Pamela Gori Eva Sauer
Covo-Nius
Installazione sonora: Samantha Bertoldi
di Špela Zidar
Špela Zidar - Opera
Covo-Nius, learning to fly una scultura-architettura a misura d’uomo, in forma di nido rovesciato, costruita con rami di legno, fili di tessuto e altri elementi spuri presentata per la prima volta nel 2017 presso lo spazio Artforms di Prato. Un’opera realizzata durante un workshop che ha visto il contributo attivo di un pubblico vasto ed eterogeneo, disponibile a collaborare alle diverse fasi di lavorazione, portando anche il materiale proprio, e contribuire direttamente al processo creativo delle artiste, come coautori e osservatori allo stesso tempo, creando insieme un ambiente duplice, “che dall’esterno invita ad entrare stimolando riflessione, dialogo interiore e concentrazione, mentre dall’interno permette il contatto con le proprie insicurezze e inquietudini,” citando Erica Romano.
Potete descrivere come avete sviluppato l’idea del progetto, perché la forma di nido? Quali erano le necessità che vi hanno portato a lavorare insieme su queste tematiche e perché la scelta di far partecipare il pubblico alla creazione?
Questa è la prima volta che avete lavorato insieme?

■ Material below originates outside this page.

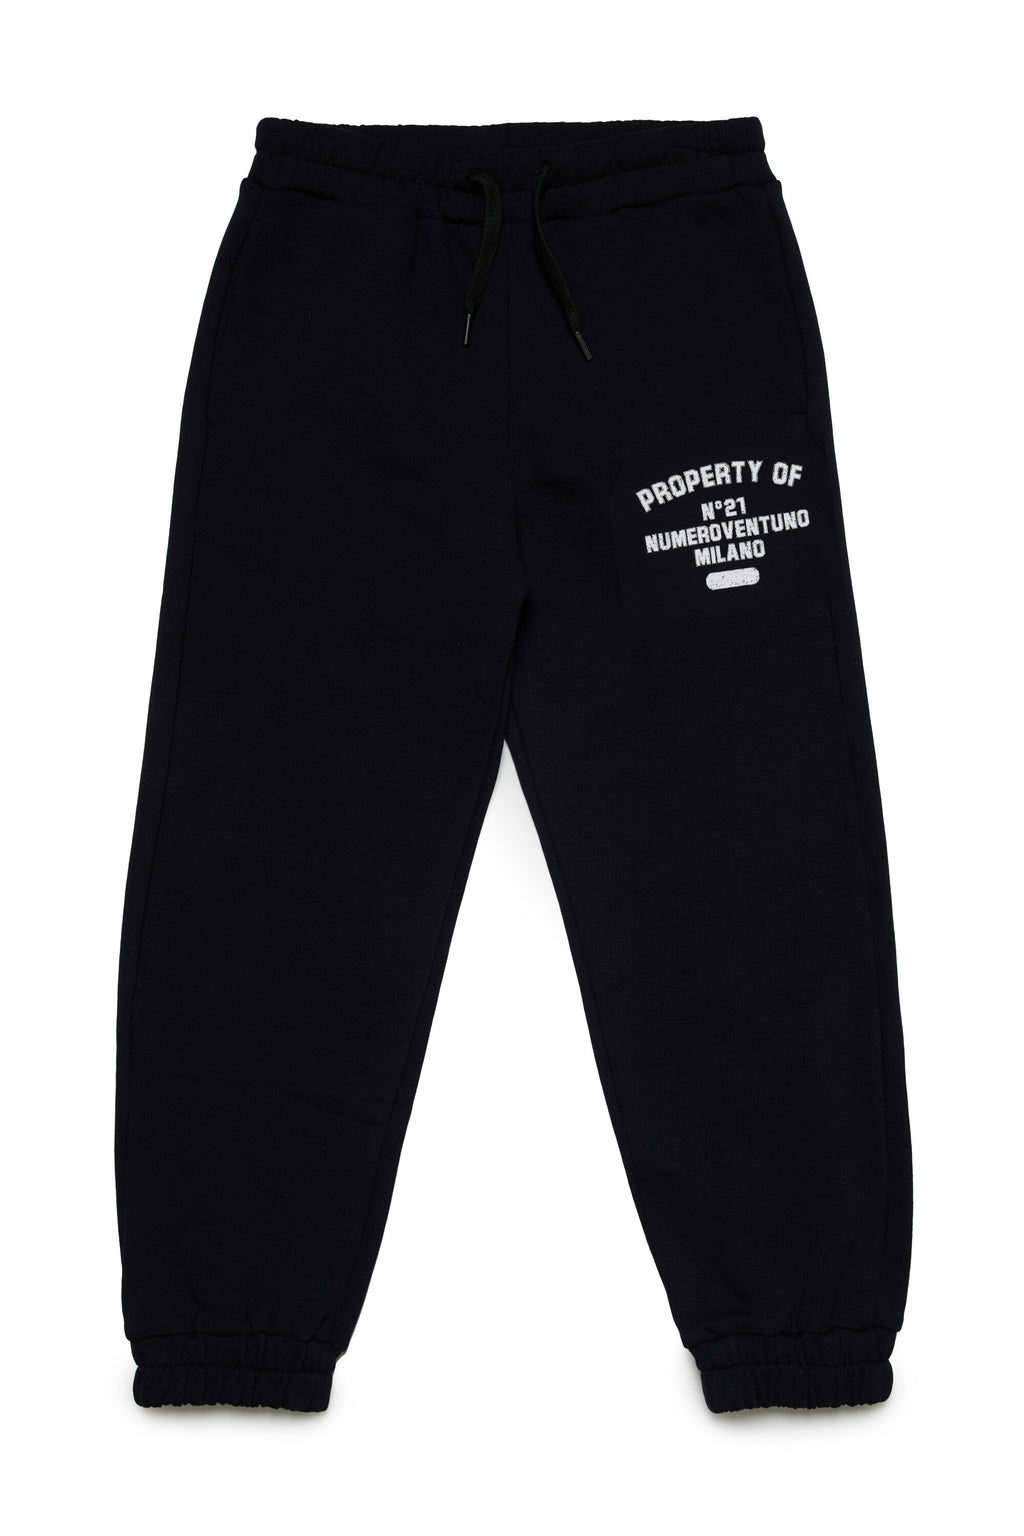 Pantalones deportivos en chándal con logotipo vintage

Pamela Gori ed Eva Sauer - L’idea per questo progetto è nata dopo alcuni workshop che insieme abbiamo ideato e realizzato per i bambini delle scuole. Dopo una lunga serie di riflessioni sia personali che professionali emerse durante i nostri incontri, abbiamo sentito l’esigenza di raccontarci attraverso la realizzazione di un’opera che portasse in sé l’idea di un percorso di condivisione intrapreso insieme. Il Covo / Nido ci sembrava perfetto perché poteva fungere da contenitore e incubatore per tutte le nostre riflessioni. Da qui l’idea di ricreare a dimensione d’uomo, un nido-scultura, traendo ispirazione da ciò che esiste e viene creato costantemente in natura.

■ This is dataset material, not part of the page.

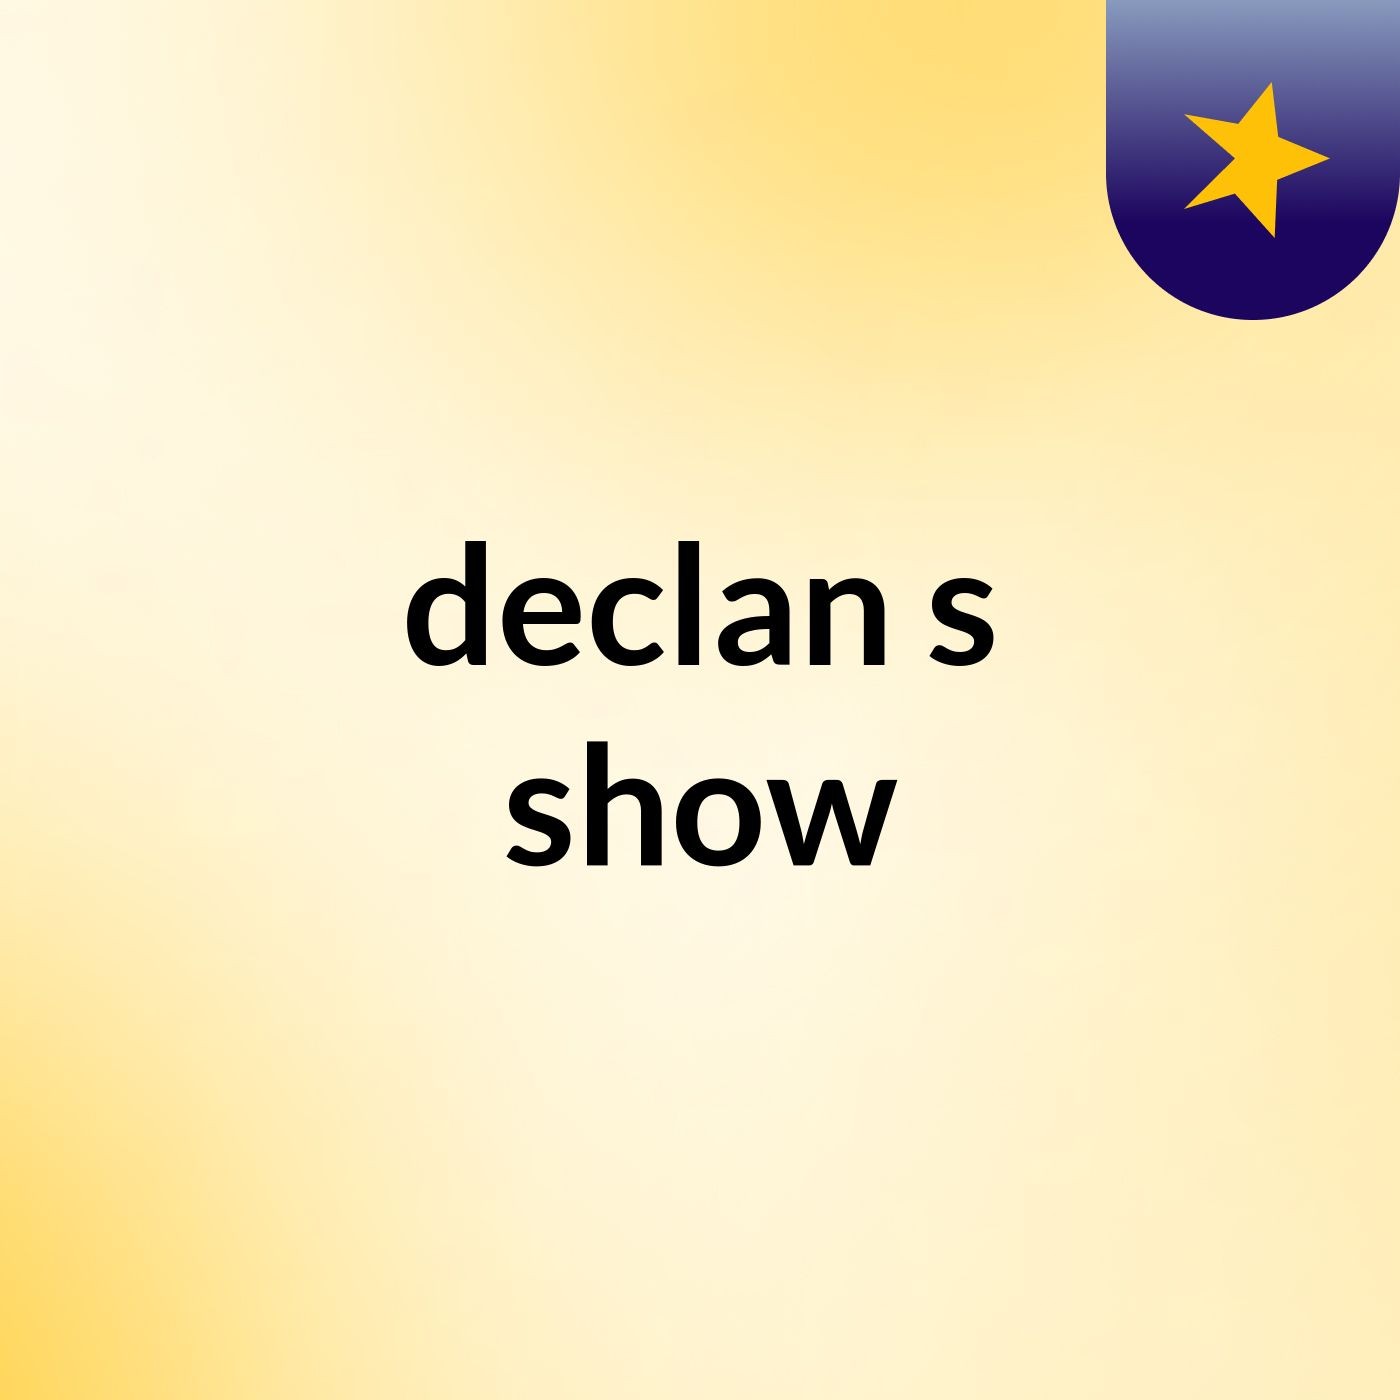 declan's show

Di fatto i bimbi attraverso il gioco, tendono a costruire dei ripari propri all’interno della casa, rifugi segreti, tane e nascondigli: si tratta di mondi singolari ed esclusivi, a cui hanno accesso persone scelte da loro e, a differenza dell’adulto, attraverso questa modalità di gioco, entrano in contatto, senza alcun sforzo, con la propria dimensione interiore e con il proprio mondo immaginario. Un gioco che solo in apparenza può sembrare banale, ma è qualcosa che arriva da molto lontano e risponde a dei bisogni primari.
Costruire nascondigli oltre che ad essere una necessità degli animali, lo è anche dell’uomo: trovare un riparo, un giaciglio che dia “l'illusione” di sentirsi protetti. Dunque, per noi è stato interessante collaborare con un pubblico, nel nostro caso il più eterogeneo possibile, affinché il “mondo costruito”, quello del nido, potesse diventare più inclusivo, rispondendo alle esigenze di molti, e di conseguenza arricchirsi di significati.

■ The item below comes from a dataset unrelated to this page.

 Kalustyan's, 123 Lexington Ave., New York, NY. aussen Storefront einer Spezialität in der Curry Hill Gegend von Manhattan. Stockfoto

Pamela Gori e Eva Sauer, Covo-Nius, Artforms, Prato, 2017, Ph. Pamela Gori
Špela Zidar - Il
Covo/Nido è in primis metafora di rifugio primordiale che dona calore, accudisce e nutre. Richiama un nostro naturale istinto primigenio-archetipico di sentirci protetti, di sentirci a casa. Questa è sicuramente una tematica molto attuale soprattutto nel tempo del recente lockdown a causa dell'ancora attuale emergenza sanitaria.
La casa che ad un certo punto rimane la nostra unica sicurezza, un fortino da preservare intatto dalle minacce del mondo esterno, un posto che esclude piuttosto che include. In relazione al vostro lavoro
Covo-Nius, come era cambiato il concetto di casa come luogo di protezione, ma anche di identità ed interazione? Ha acquisito aspetti legati alla reclusione, incarcerazione?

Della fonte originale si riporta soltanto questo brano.